▶ [EXERCISE BRIEF] Please give back each line of the material unchanged, but without the images.

▶ [PROVIDED DATA]
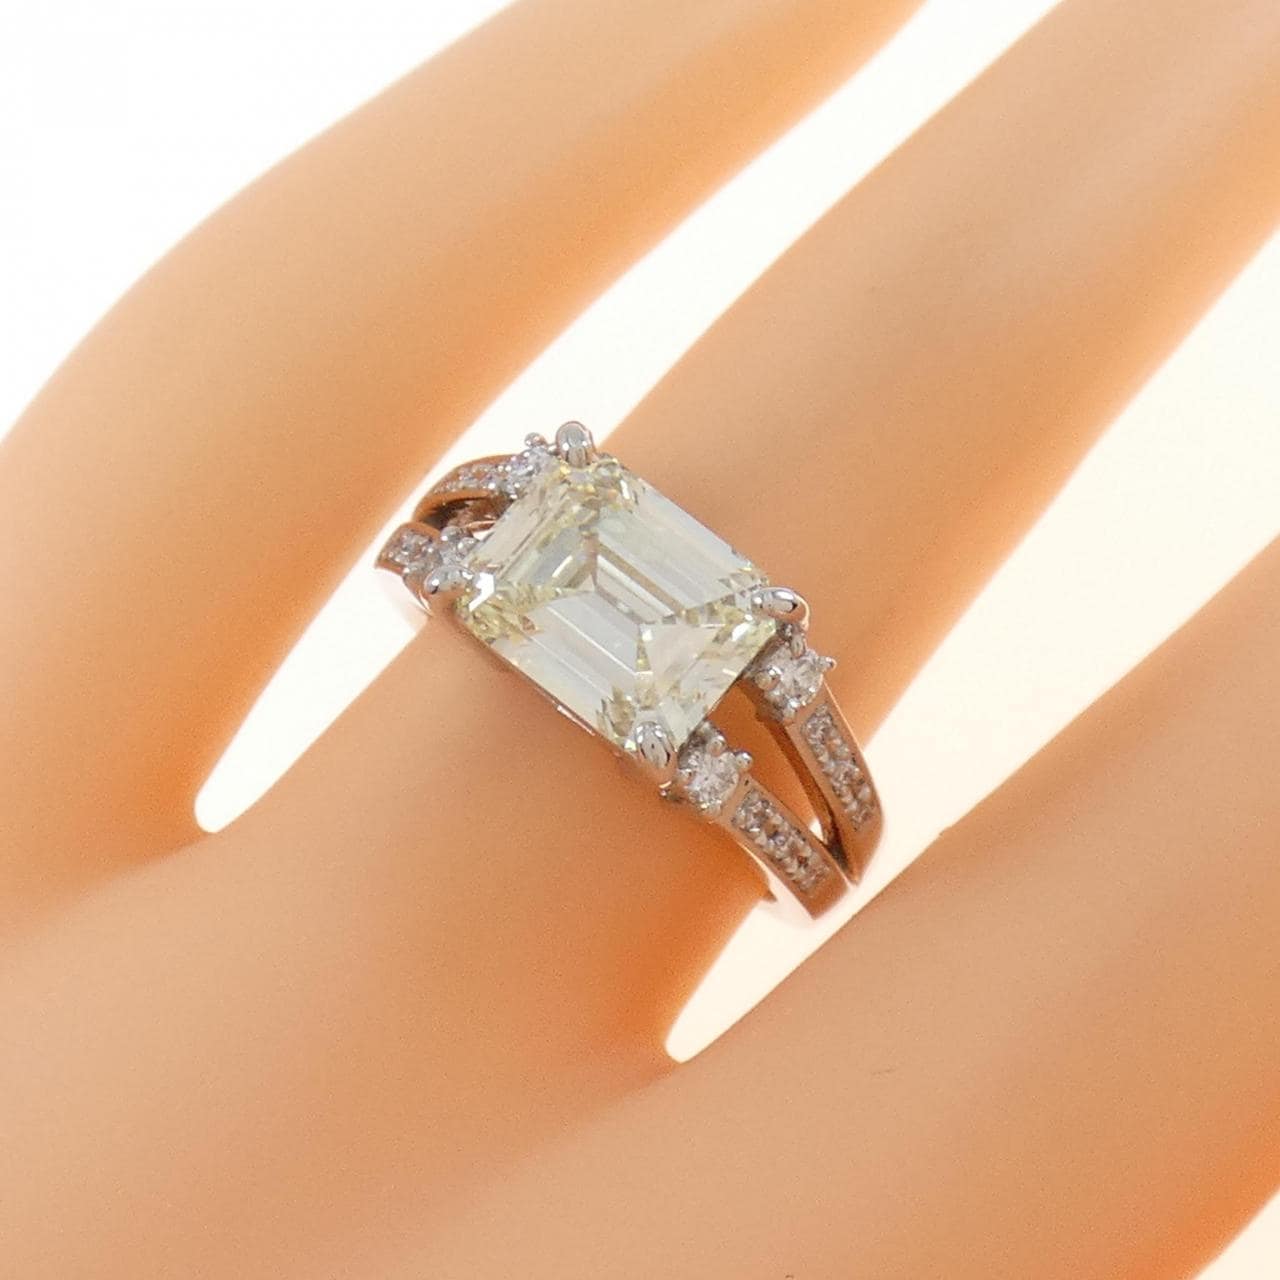 [Remake] PT Diamond Ring 3.026CT LY VS2 Emerald Cut
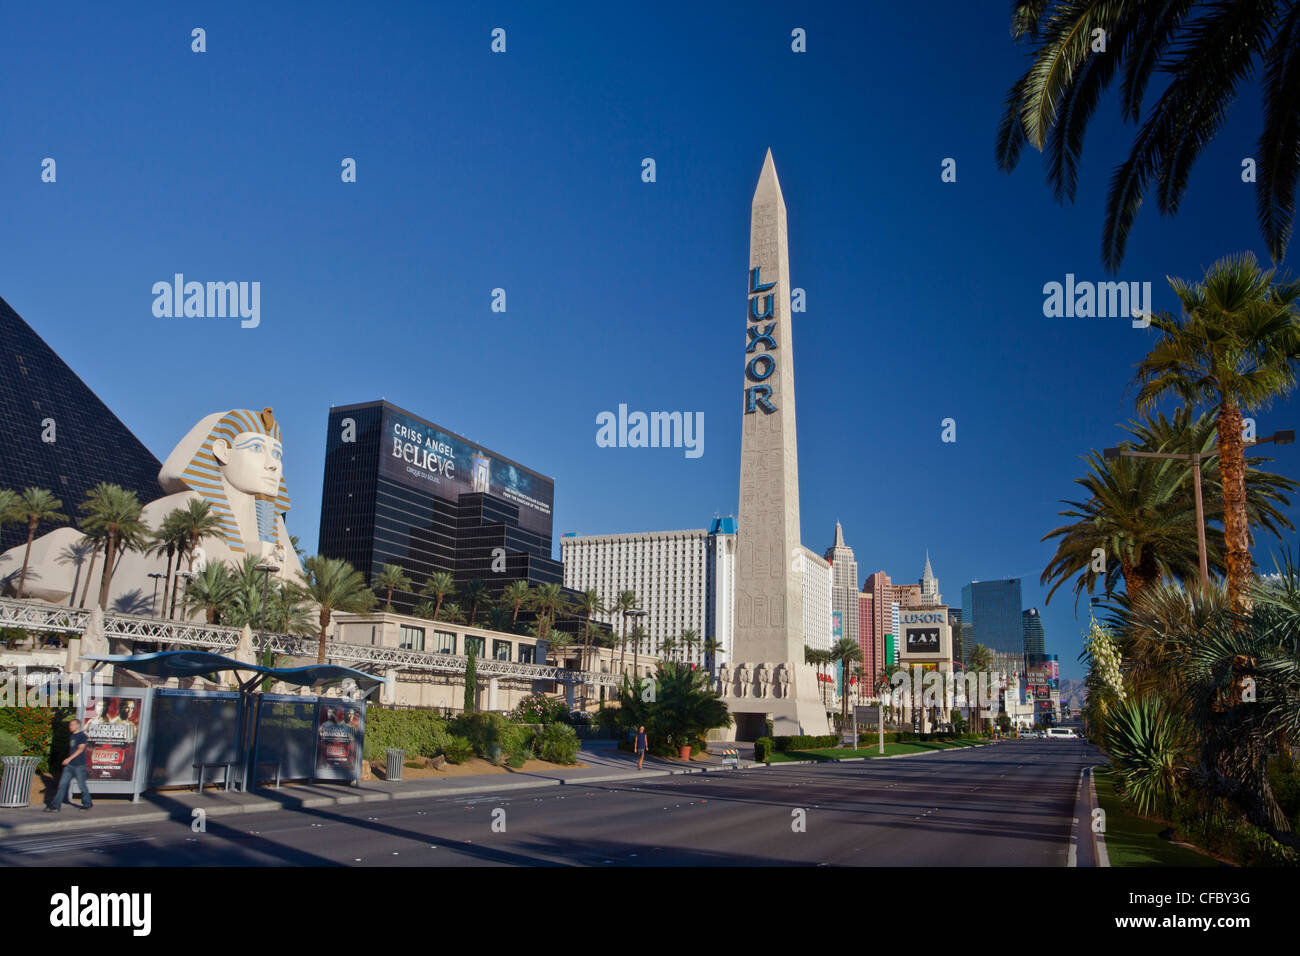 USA, USA, Amerika, Nevada, Las Vegas, Stadt, Strip, Avenue, Luxor Hotel, Architektur, Casino, bunt, Unterhaltung Stockfoto
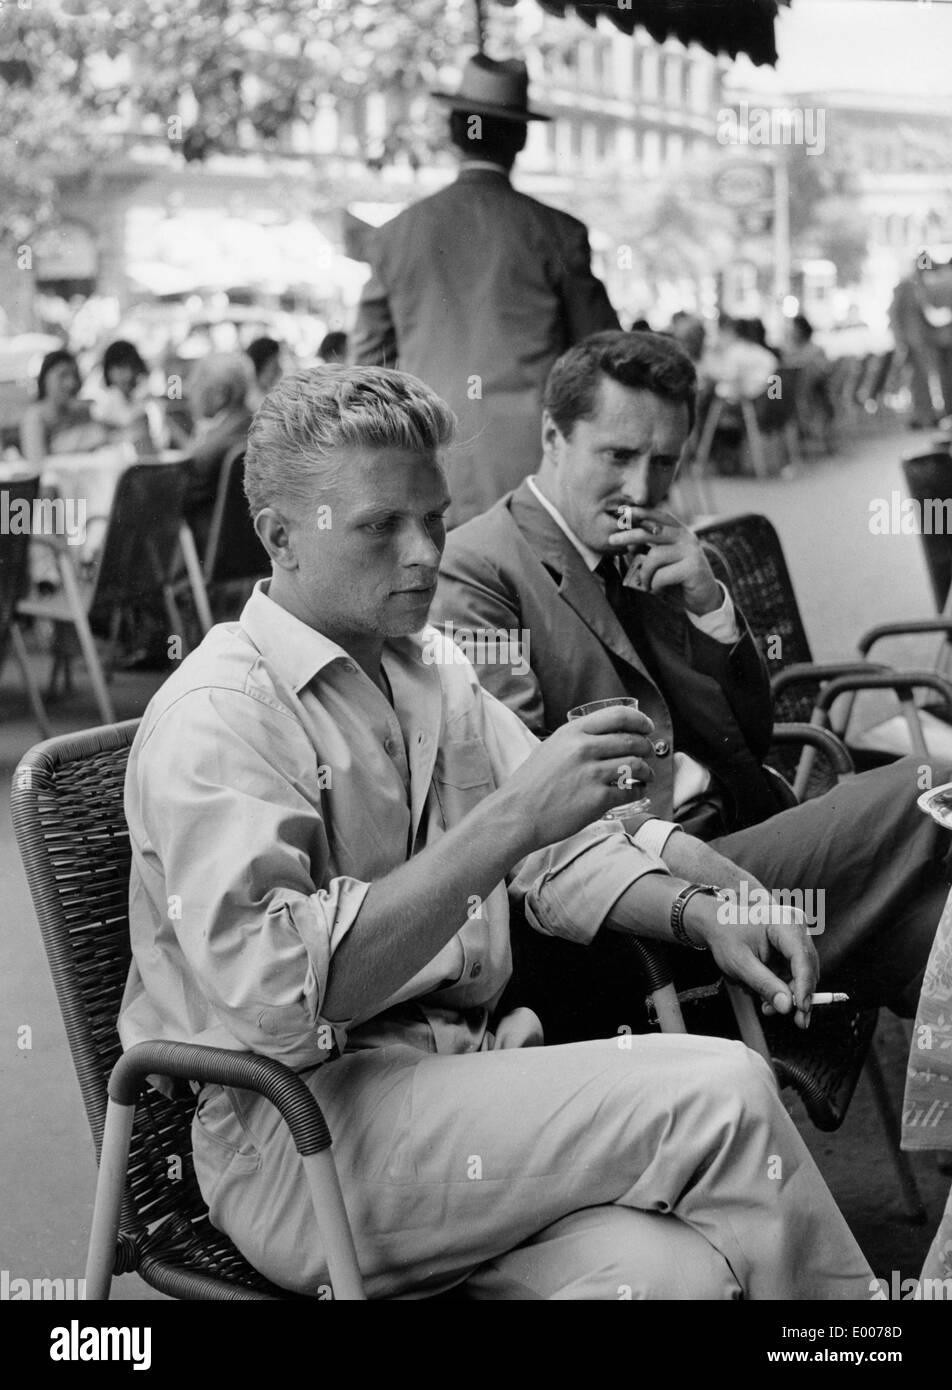 Pietro Germi and Hardy Krueger, 1956 Stock Photo

▶ [SOLUTION]
 [Remake] PT Diamond Ring 3.026CT LY VS2 Emerald Cut
 USA, USA, Amerika, Nevada, Las Vegas, Stadt, Strip, Avenue, Luxor Hotel, Architektur, Casino, bunt, Unterhaltung Stockfoto
 Pietro Germi and Hardy Krueger, 1956 Stock Photo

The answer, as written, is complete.